The issue of getting home again, by which I mean back to Eddie and the girls, hadn’t hit me until I reasoned with myself that I must be in the past. I don’t feel comfortable when my children are out of arm’s reach, or shouting distance. I’m only truly at ease when I’m in the same building as them. The only exception is when I know they’re with Eddie, because he’s the only other person in the world who loves them like I do. And there, I suppose, is the most faith I have in the world: when I can’t see my children, but know they’re with Eddie, for me, that’s faith. A version of fear – that I have nothing to compare with – rose up and filled every cell of my body, a fear like no other that I might never see my children again. The times I had lost sight of them as they turned the corner at the end of a supermarket aisle, the time Evie wandered off in a shopping centre and security locked all the doors, and I wailed, What if she’s already outside those doors? All the imaginings I’d had, daily, of every possible thing that could go wrong, that might mean they were lost from me for ever, those imaginings were nothing compared to this.

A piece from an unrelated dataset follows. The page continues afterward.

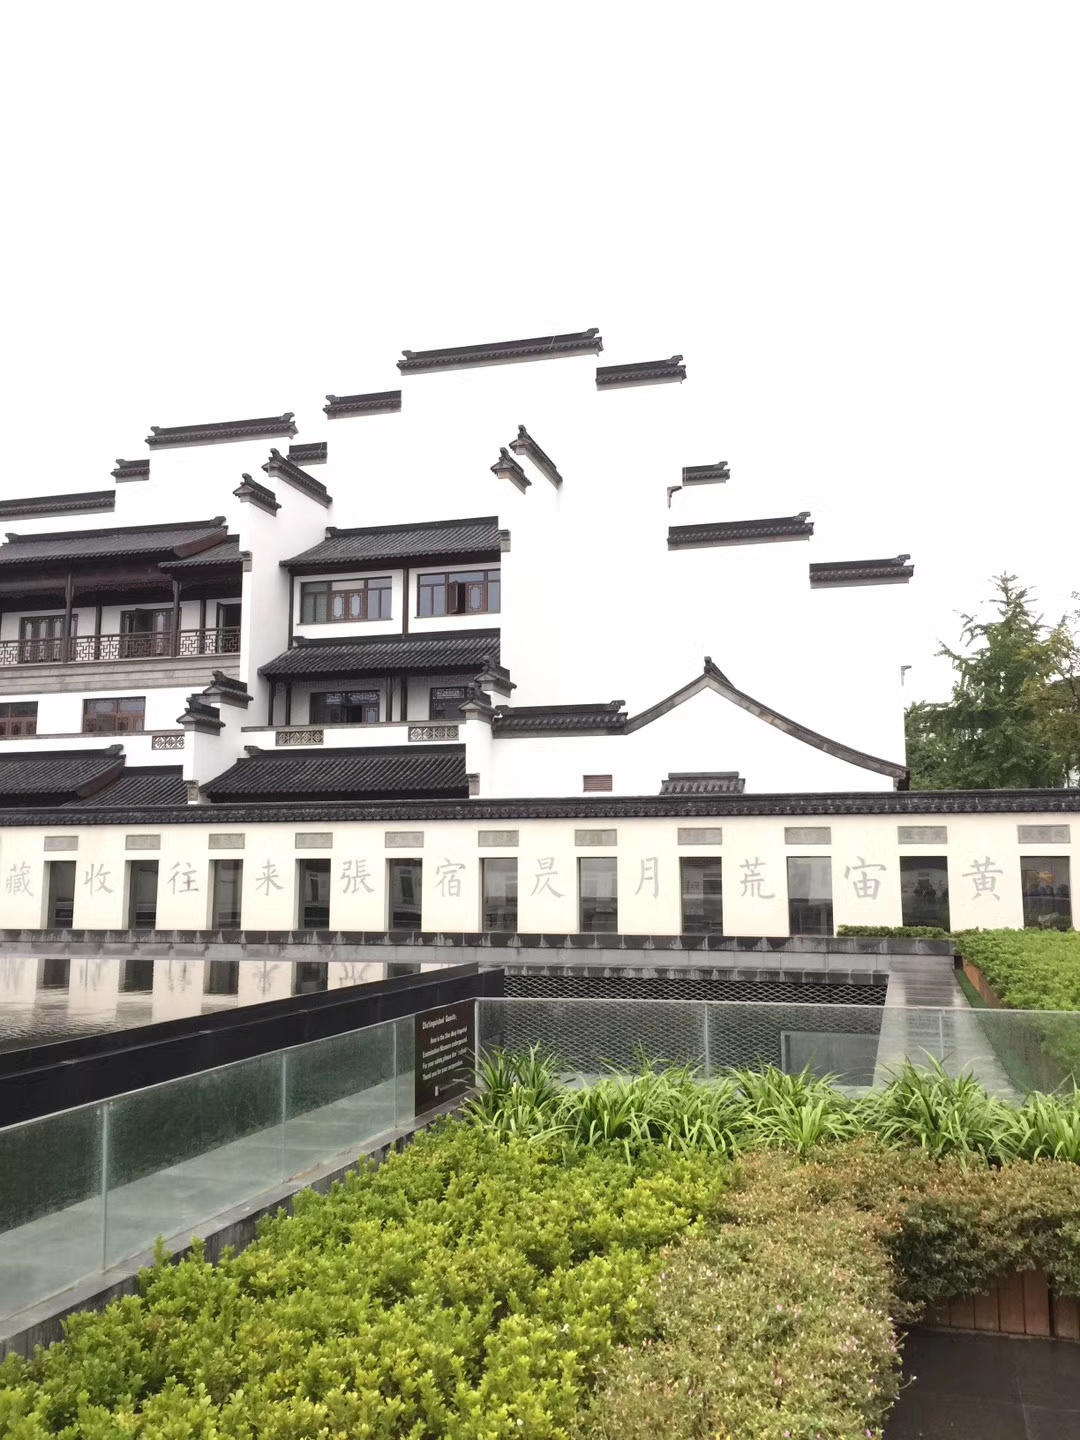 中国唯一的科举博物馆——南京科举博物馆

This time everything was different because it was me who was lost. They couldn’t find me, and I couldn’t reach out to them. If I became a prisoner in time, then my daughters – like my mother – would be relegated to memory only, and I would be relegated to theirs. I was suffocating with fear, and then I was forced to engage a level of faith I had never required before. The girls were with Eddie, but I was not in a different building or a different country, I was in a different year. The fact that I was thirty years removed from my daughters made everything go grey, and the air buzzed in my ears, and my arm swam about looking for something to hold onto.
I crouched down and pressed my hands to the floor. It struck me like a hammer that if I couldn’t get home to my children, then I was like a mother who had died suddenly, leaving her most beloved to the care of others. And so I prayed that Eddie would be safe and well and strong, because my girls needed him. I tried to remember the last moments I spent with them: in the study; it was good. It would be a good memory for them, of me. I squeezed my eyes shut and pictured Esther and Evie in my mind’s eye. ‘I’m going to get back to you,’ I whispered.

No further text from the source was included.